The main lesson was: it is better to slow down and maintain control of the company at all costs. When you lose control, you become the person in the photo, but you don’t make the decisions. It takes fame, but it doesn’t decide. It’s the worst of all worlds.

Another important lesson is timing. When I arrived, he was right. A year later, the company was already worth a billion dollars, but the timing had turned out wrong. Shortly after, the market turned. I also learned the importance of choosing partners and investors and knowing how to leave when there is an opportunity. Vanity and greed often make people miss the best moment to leave.

What motivated you to invest in the healthcare sector and create Superdash?

Health came from personal reflection. From the age of 54 to 55, I was coming out of the scooter cycle completely wrecked: shoulder pain, neck pain, artery plaque, pre-diabetes. I was a regular guy, but until page two.

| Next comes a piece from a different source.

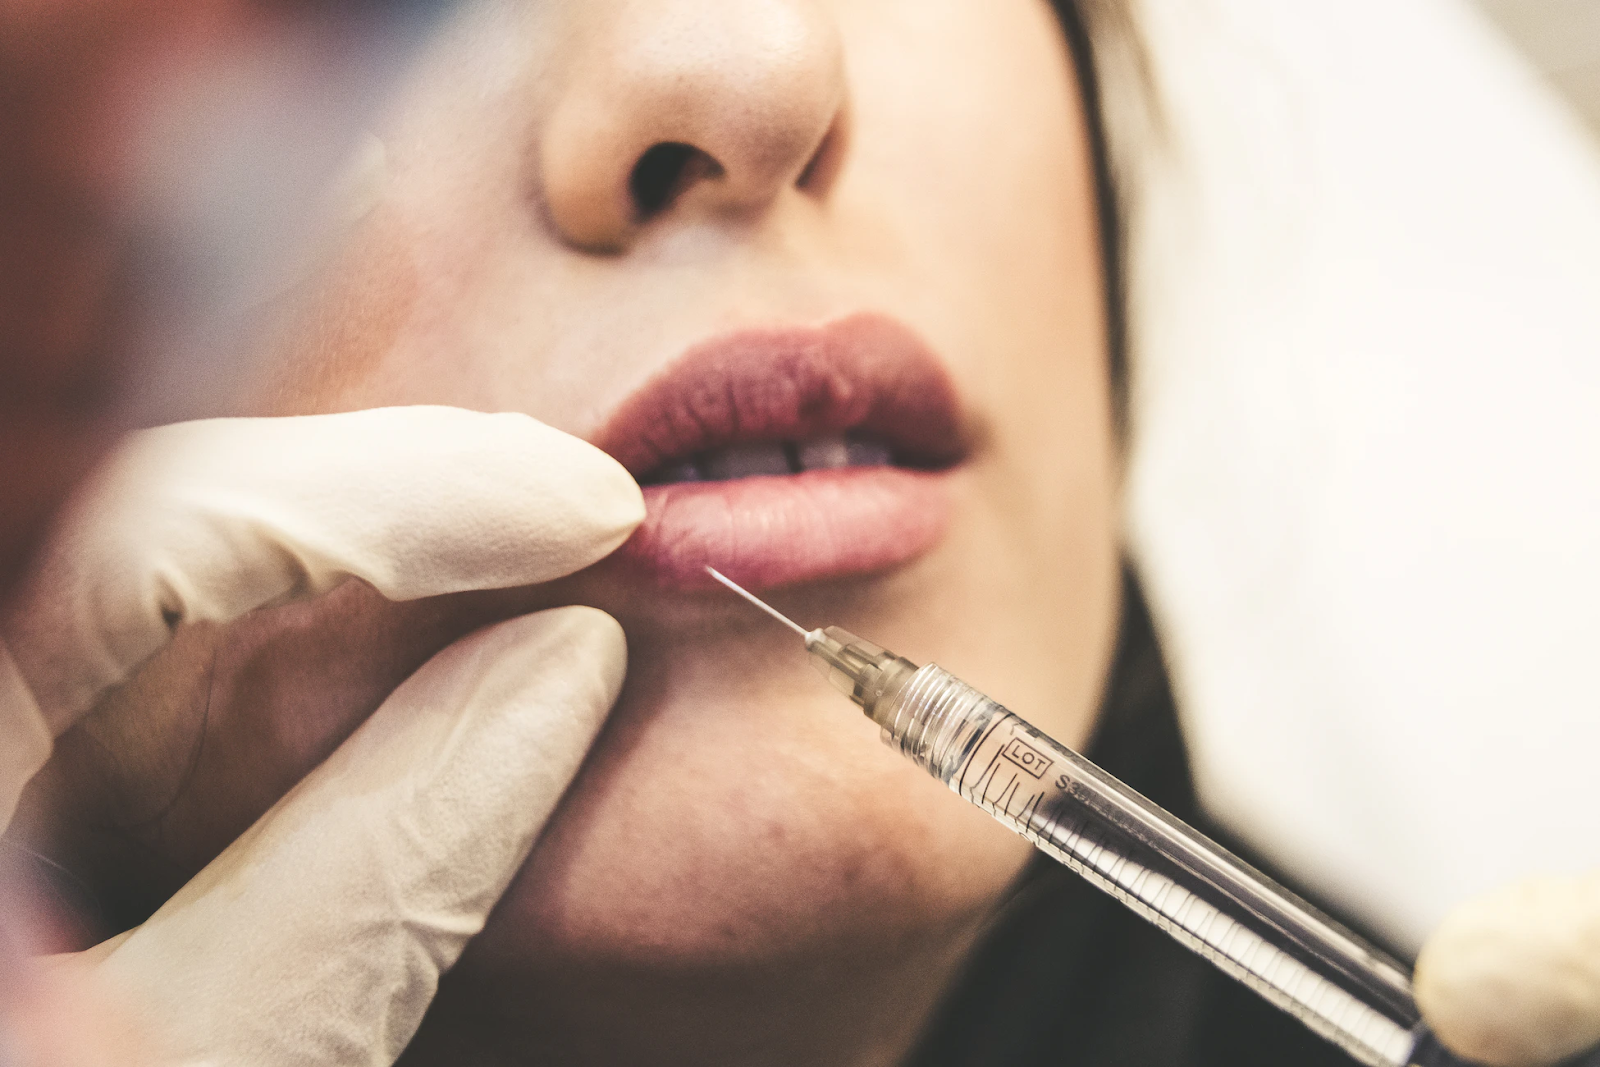 Botox: The Pros And Cons

I realized that my choices were not good. Health became a topic that made sense for me to dedicate myself to, because it could become a business or, if it didn’t, bring me a personal benefit. Unlike mobility, which is a race for market share, health is a long-term bet. You deal with human behavior, inconsistency, self-deception.

I also understood that the gap was not in the data. We already have data: exams, wearables. The gap was in the way people relate to their own lives on a daily basis. I started working with doctors who looked at health from the point of view of performance, not just exams, but sleep, strength, nutrition, mood, stress and relationships.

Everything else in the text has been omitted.